**Work request:**
Using the data below, output a verbatim copy of the lines between the one holding "Michael Kohne" and the one holding "A Arte Invernizzi Francesco Candeloro 3", inclusive, without any pictures.

(Beginning of Dataset content)

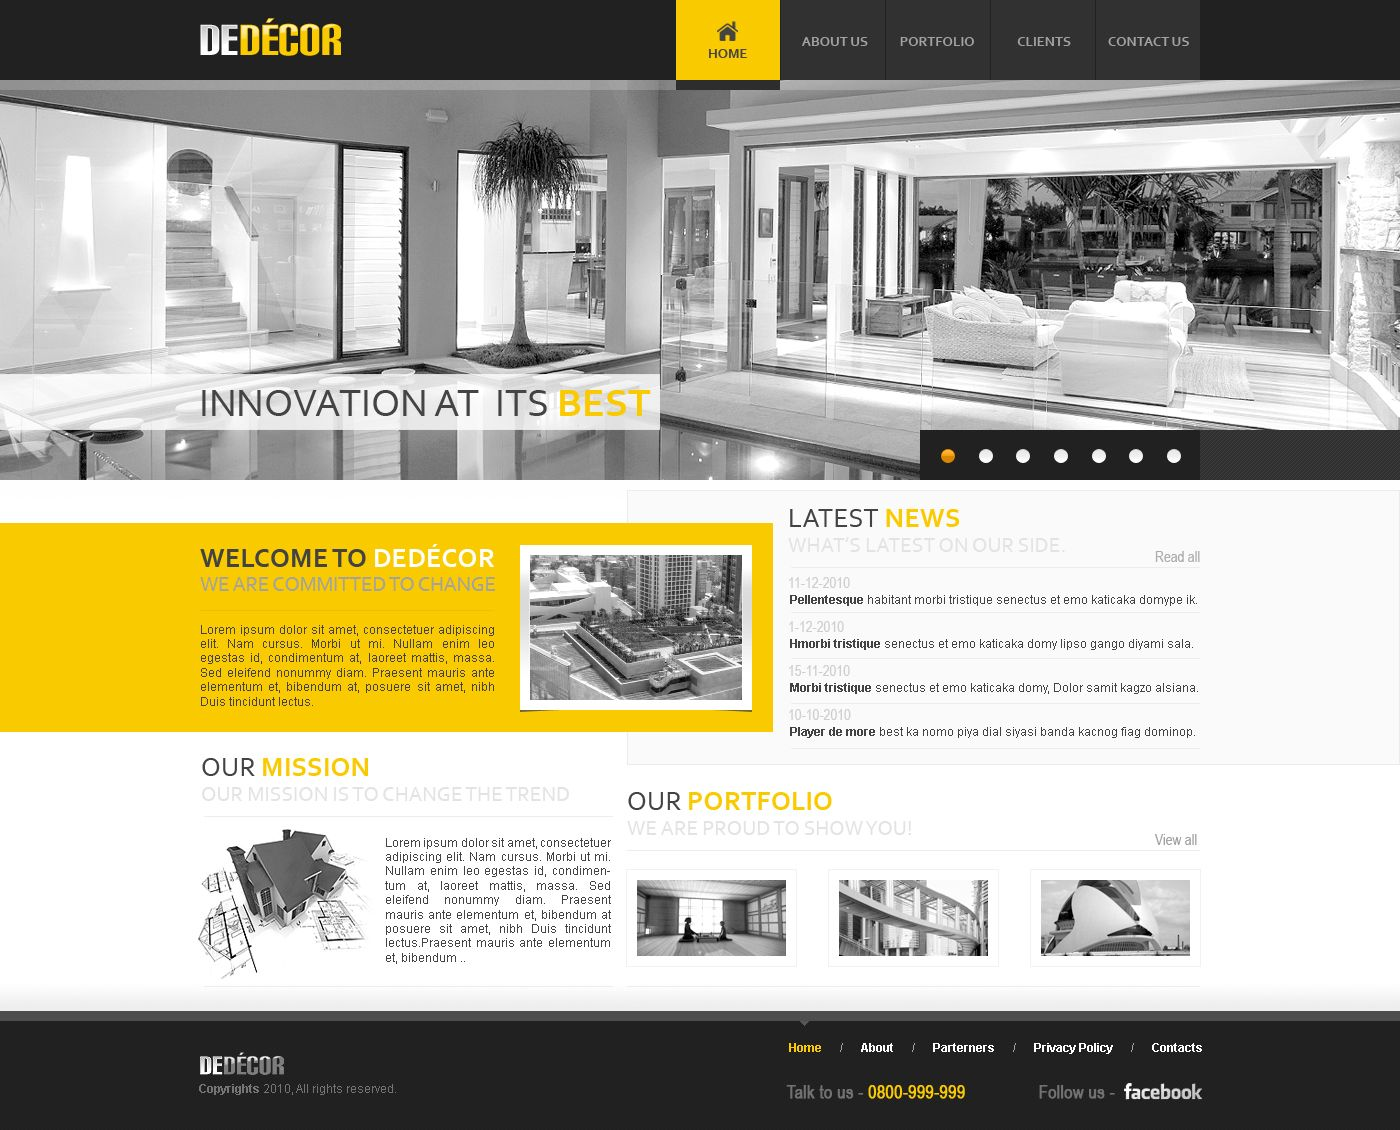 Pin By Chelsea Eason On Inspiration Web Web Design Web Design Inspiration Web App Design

(End of Dataset content)
(Beginning of Dataset content)

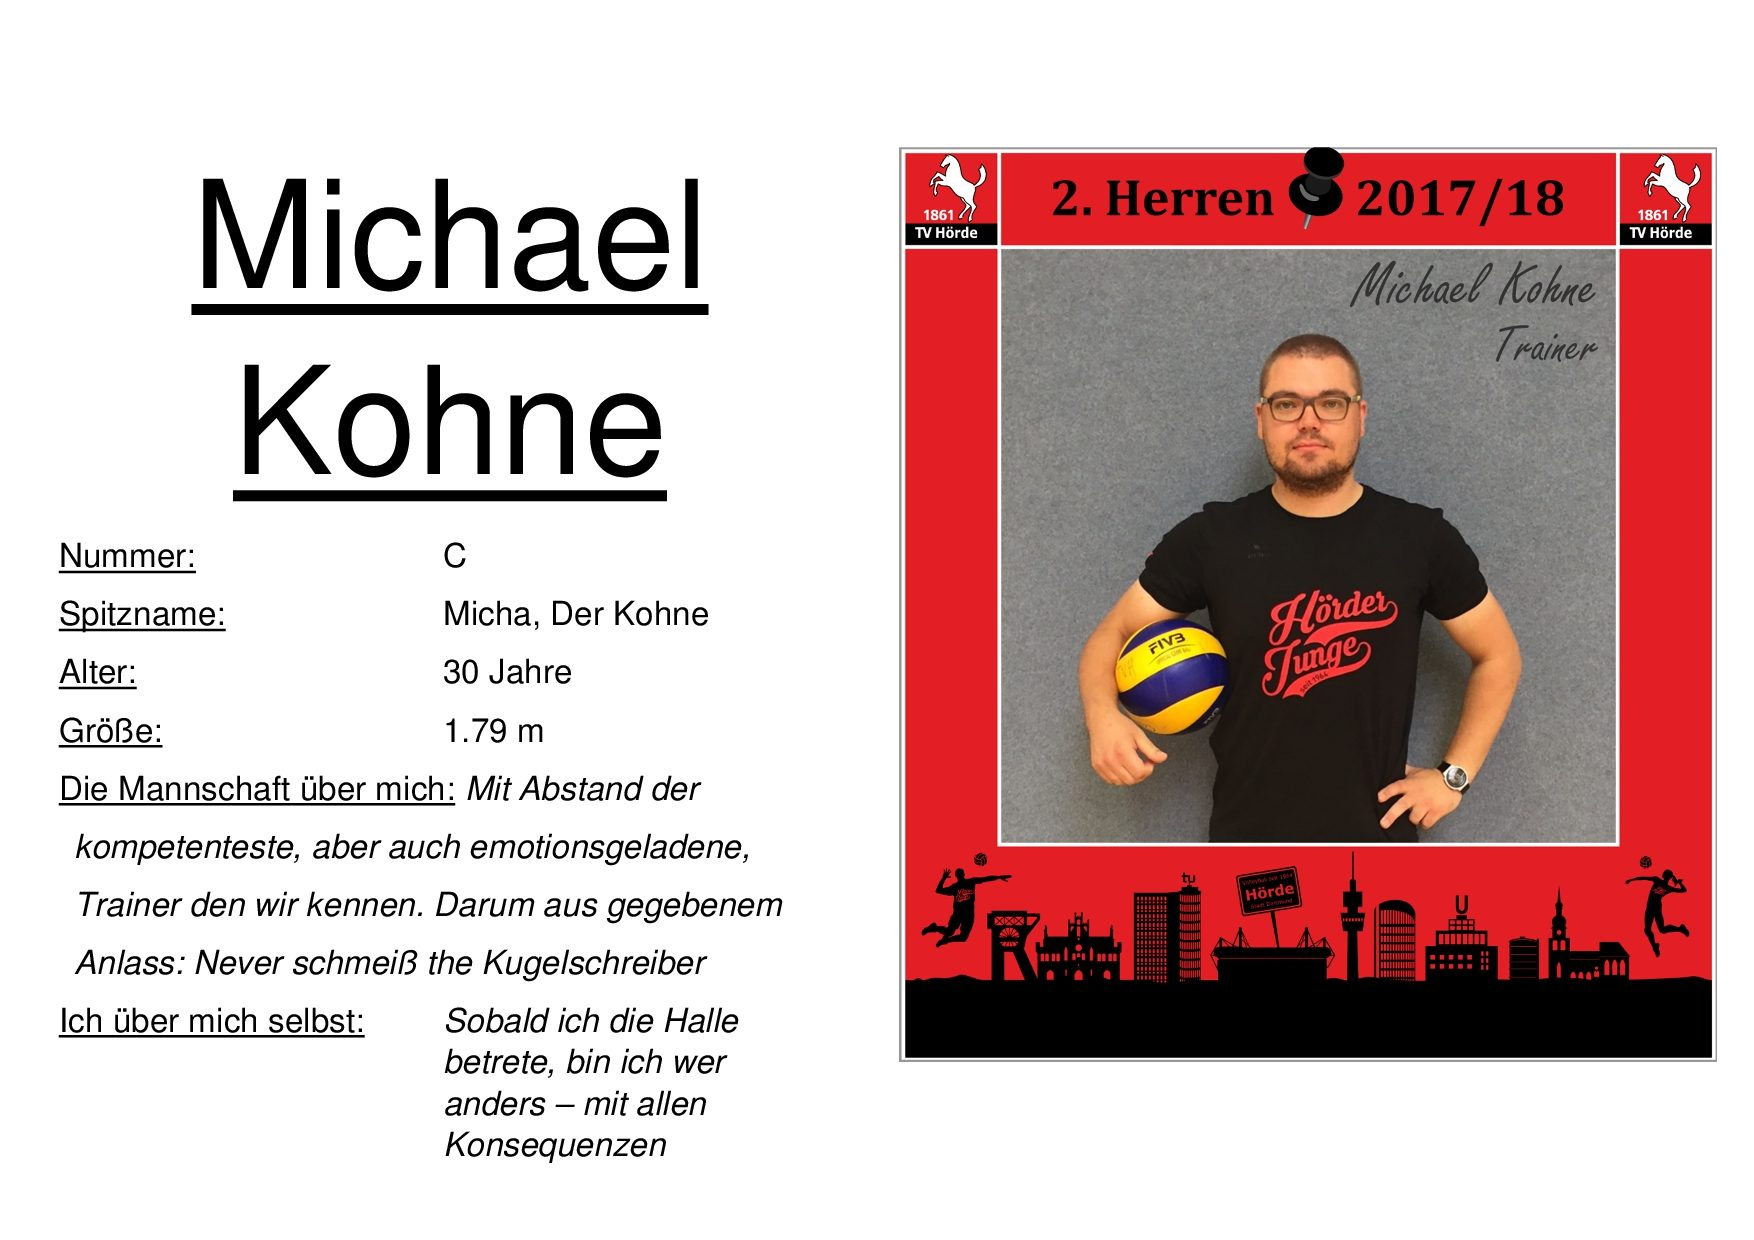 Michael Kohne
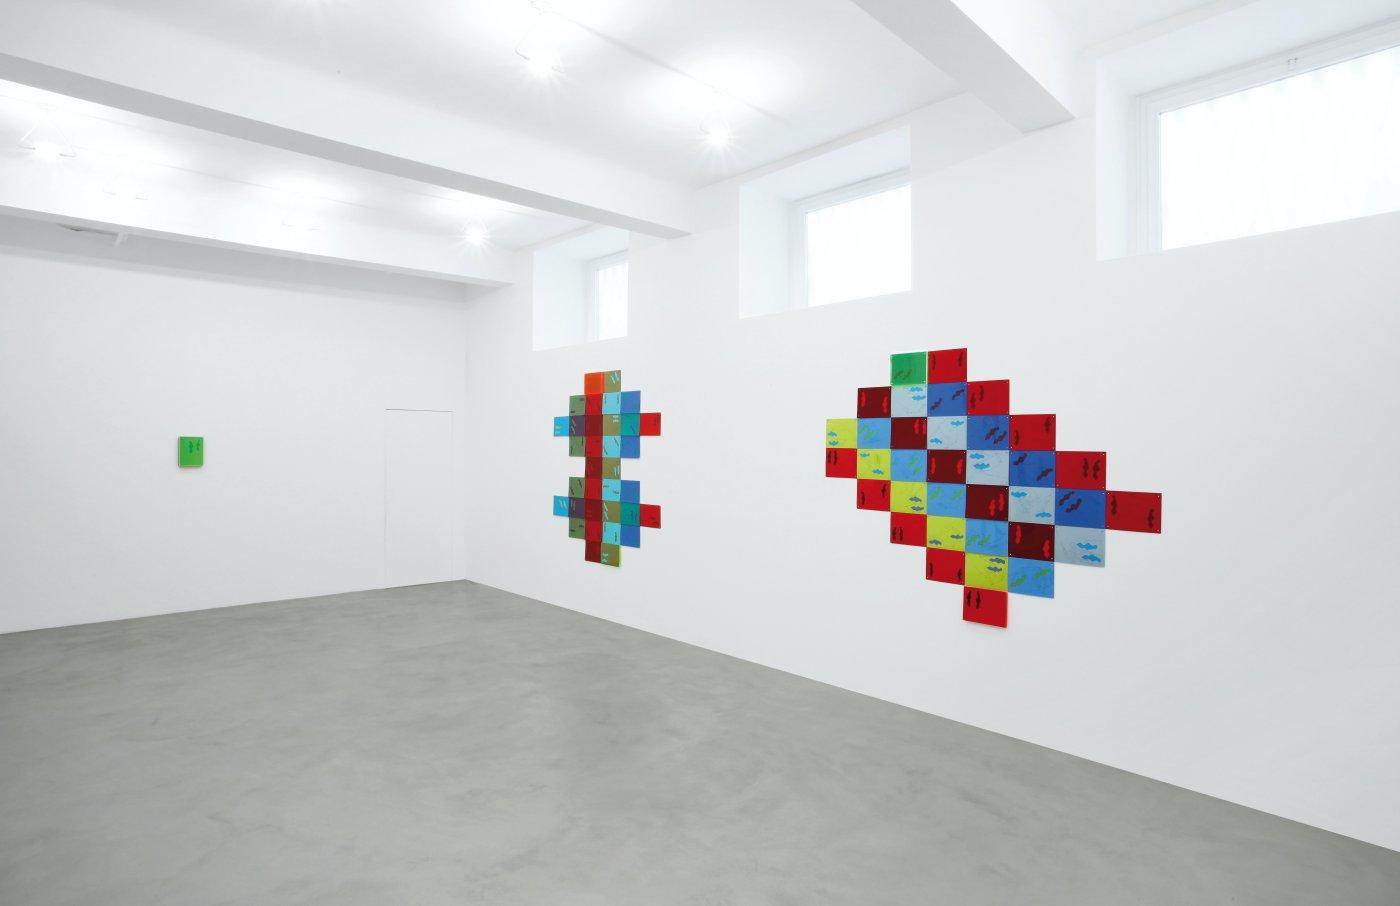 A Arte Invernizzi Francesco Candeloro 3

(End of Dataset content)
(Beginning of Dataset content)

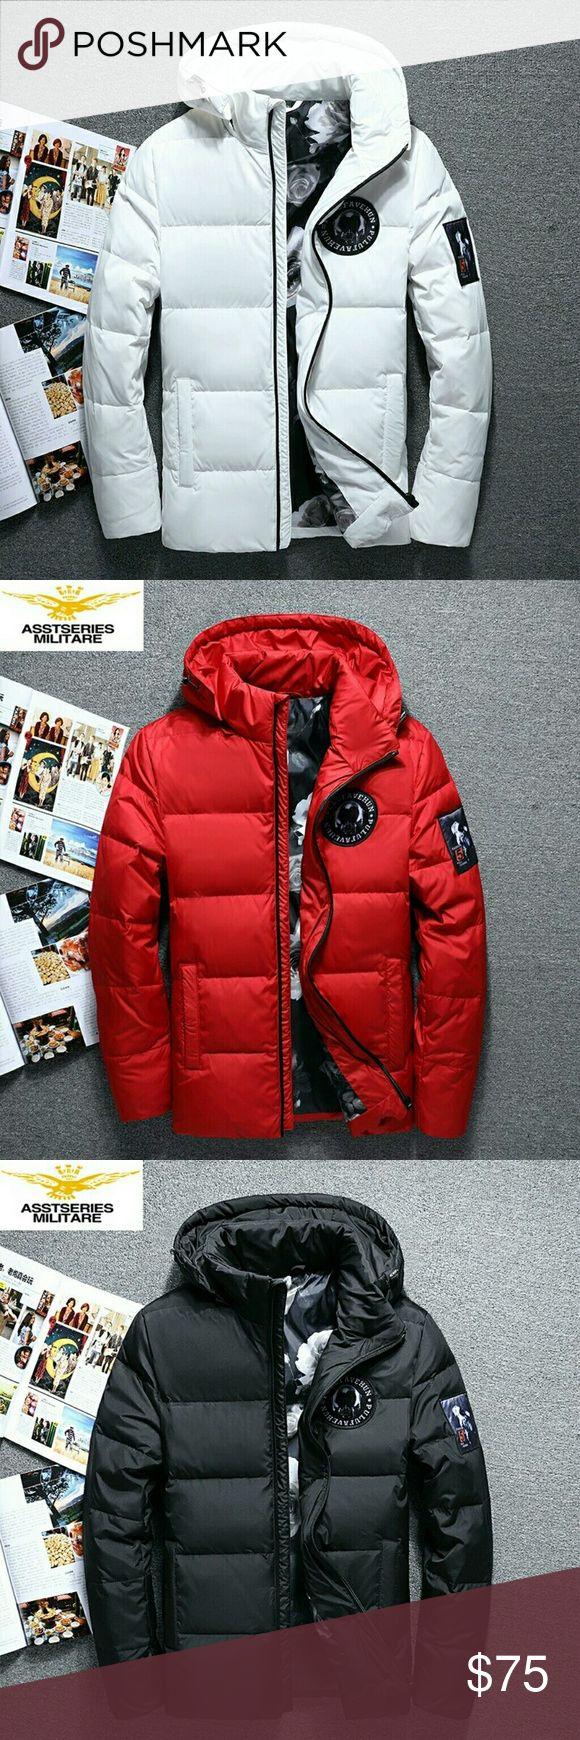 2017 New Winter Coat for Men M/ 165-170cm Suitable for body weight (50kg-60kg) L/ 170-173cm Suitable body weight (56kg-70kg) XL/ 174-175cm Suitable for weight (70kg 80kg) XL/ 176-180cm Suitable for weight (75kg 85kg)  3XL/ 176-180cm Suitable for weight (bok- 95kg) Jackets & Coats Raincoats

(End of Dataset content)

**Response below:**
 Michael Kohne
 A Arte Invernizzi Francesco Candeloro 3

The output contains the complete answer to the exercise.